Secreto | Honolulu,Hawaii | 09/09/2006
(3 out of 5 stars)
"Has anyone heard if this collection from Kino Video,have all been Remastered with better picture & sound? It's a great collection,but not if Kino has done nothing to them...Aloha Craig"
mrliteral | 03/22/2007
(4 out of 5 stars)
"The collection Film Noir - The Dark Side of Hollywood boasts on the box cover that it features "Five Classics from the Studio Vaults". It may be a little much to call these films "classics" (no one will ever mistake these movies for such greats as Out of the Past or The Asphalt Jungle), but they are all okay, or in some cases, even good.
The first in the bunch (chronologically speaking) is Hangmen Also Die, a World War II thriller directed by Fritz Lang and based on real events. Brian Donlevy plays a member of the Czech resistance who is responsible for the assassination of Heydrich. Anna Lee gets entangled with him, and soon both are in peril. The Nazis threaten to execute innocent people till the assassin comes forth, including Lee's father. This film is only borderline noir, but it is still good.

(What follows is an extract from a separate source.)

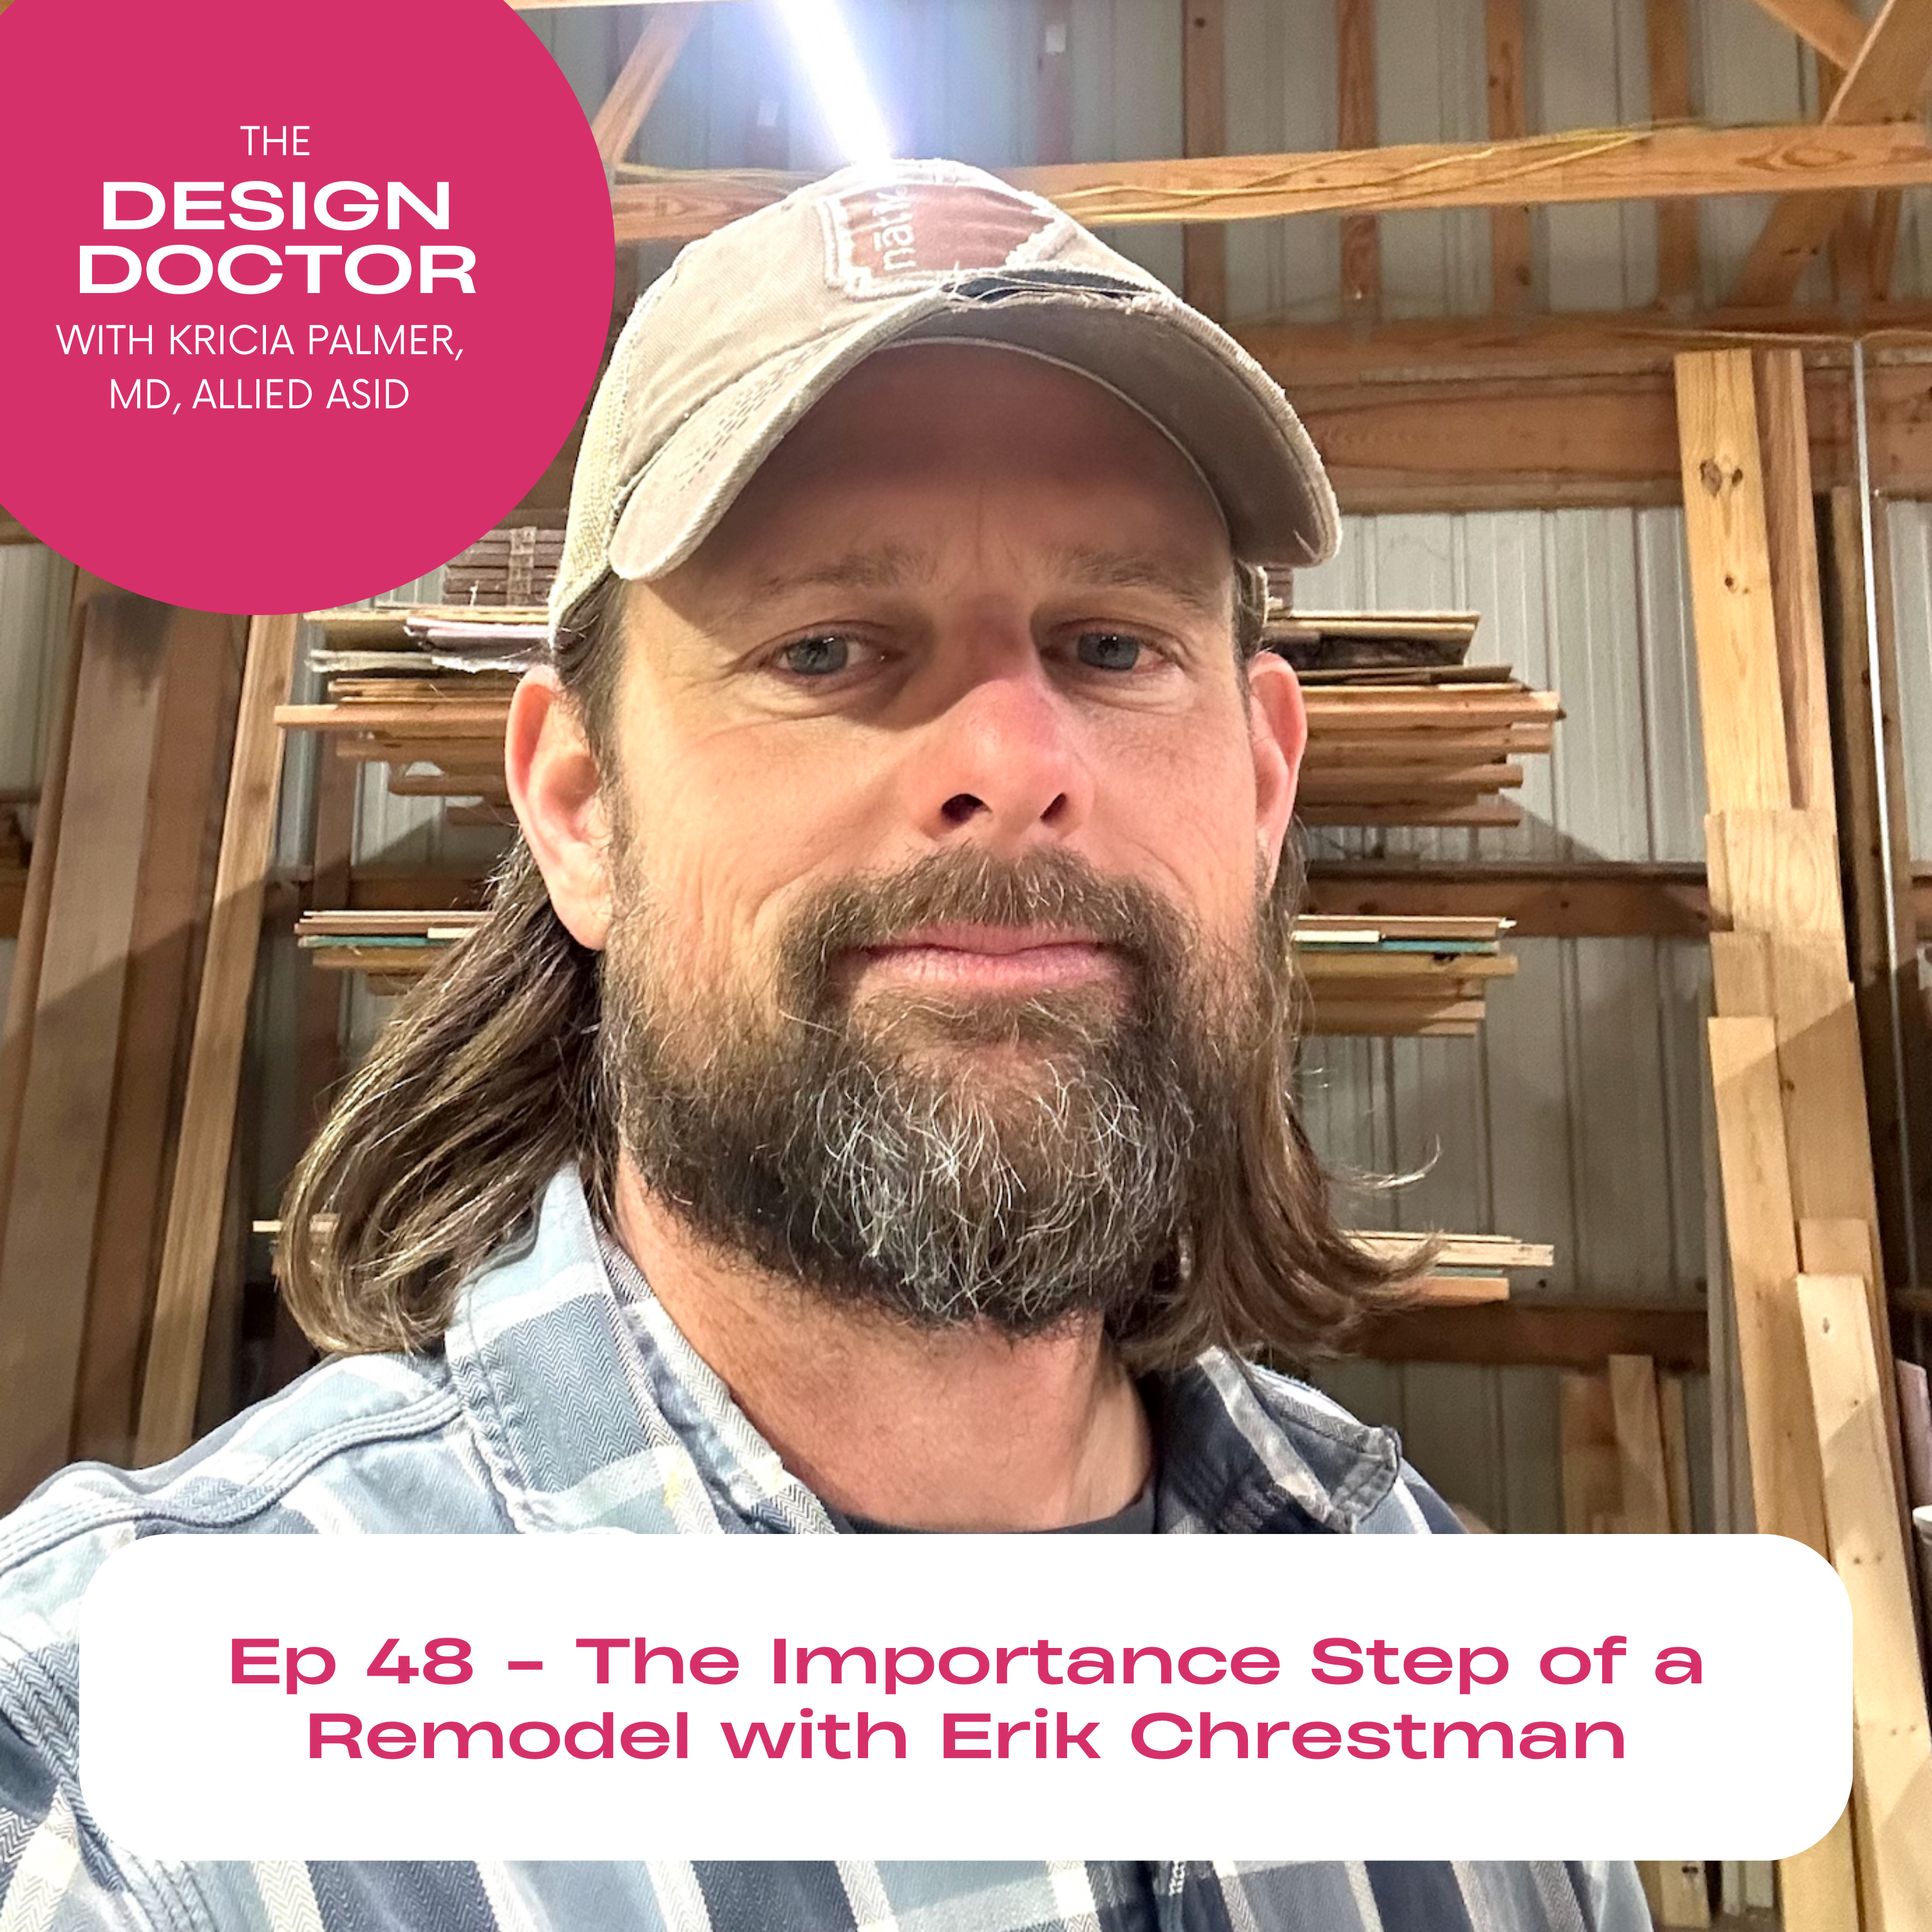 Episode 48 - The Importance Step of a Remodel with Erik Chrestman

Railroaded is a rather standard innocent-man-accused mystery, probably most notable for featuring a pre-Leave It To Beaver Hugh Beaumont as the detective in love with Sheila Ryan even as her brother languishes in jail. John Ireland is effective as the villain in the piece.
The Long Night is the "big name" movie in the set. Directed by Anatole Litvak, it stars Henry Fonda, Barbara Bel Geddes, Vincent Price and a small role for Elisha Cook, Jr. Fonda is holed up in his apartment, surrounded by cops who want to take him in for a murder. The bulk of the movie is a long flashback as to how he got into this spot. Vincent Price is great as a slimy magician, and Bel Geddes is okay in what I believe is her first role (between this movie, Vertigo and 14 Hours - the three movies I've seen her in - I don't think she ever has a normal love relationship with any man). This film is a remake of a French movie and the only DVD with any sort of special features (a video essay on the making of the movie).

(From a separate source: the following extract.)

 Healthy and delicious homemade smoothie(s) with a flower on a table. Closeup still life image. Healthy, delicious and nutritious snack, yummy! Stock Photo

Behind Locked Doors is a short (62 minutes) little private eye story with Richard Carlson as a private detective who is recruited by a beautiful reporter to go undercover in a sanitarium where it is believed a crooked judge is hiding out. Of course, the doctor and his assistant are in cahoots with the judge and Carlson soon finds himself trapped "behind locked doors." Probably the most interesting thing about this movie is it has Tor Johnson (of Plan 9 From Outer Space fame) in a role that uses all of his limited acting talents.

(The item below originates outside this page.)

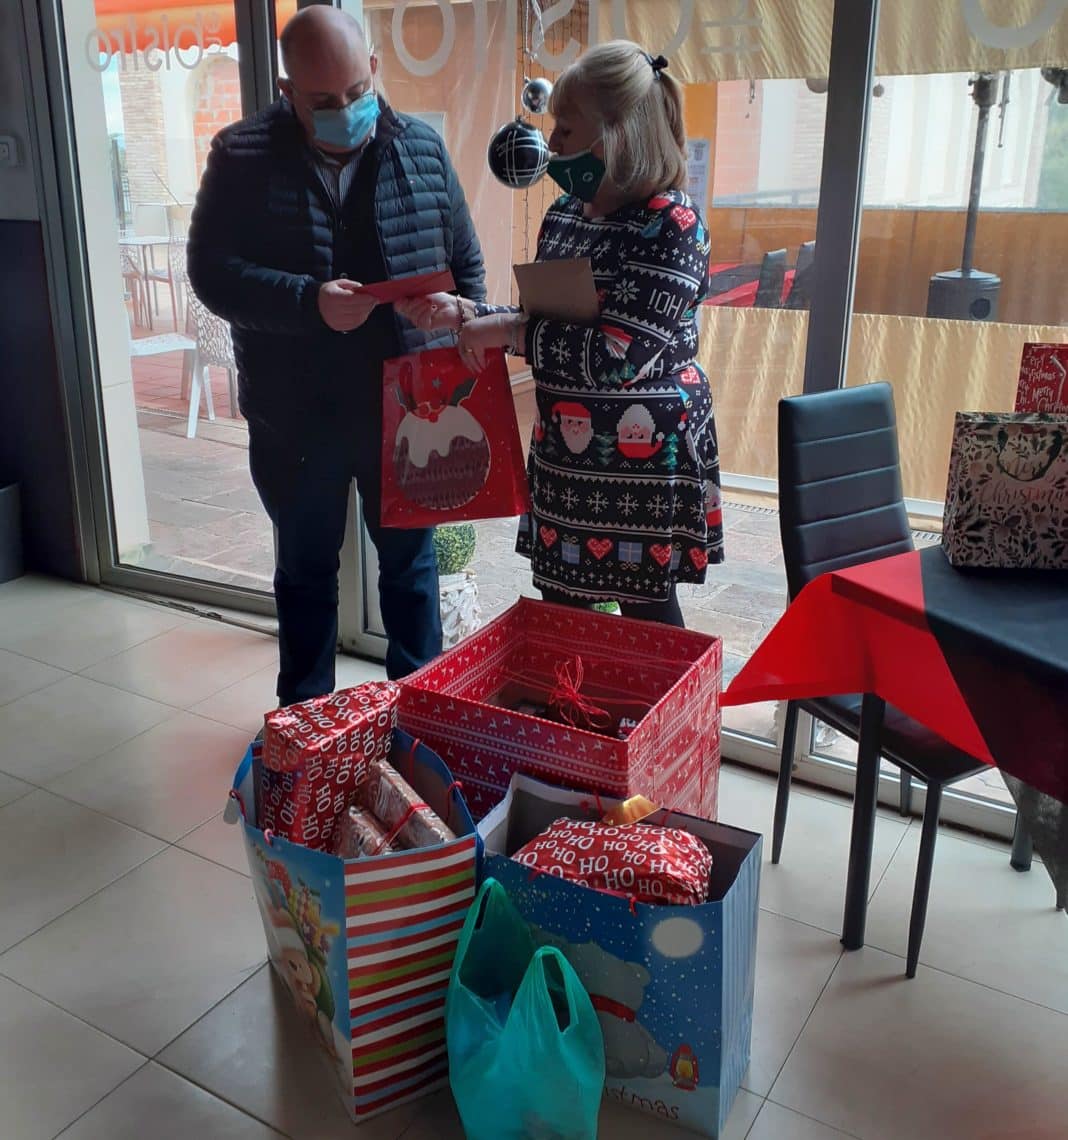 We raised over €1200 which was spent on an individual gift for each if the 54 children

Finally, there is Sudden Fear which I feel is the best in the bunch. Joan Crawford is a playwright and heiress who gets actor Jack Palance fired because he doesn't seem like a romantic leading man. When they meet by chance later, she falls for him and they marry, but it turns out he's a better romantic actor than she ever thought; he is actually scheming with an old girlfriend to kill her and get her money. When Crawford finds out by accident, she launches her own counter-scheme. Although this film owes more than a little to Hitchcock's Suspicion, it also goes off in its own direction and does a good job at leaving the viewer guessing about how it all turns out.
As mentioned earlier, there are hardly any extras in this set. Railroaded and Behind Locked Doors are three-star movies, while the others are four-star flicks. I will go with the majority and rate it four stars. These may not be classics, but this set does offer a chance to see some less well-known, decent movies."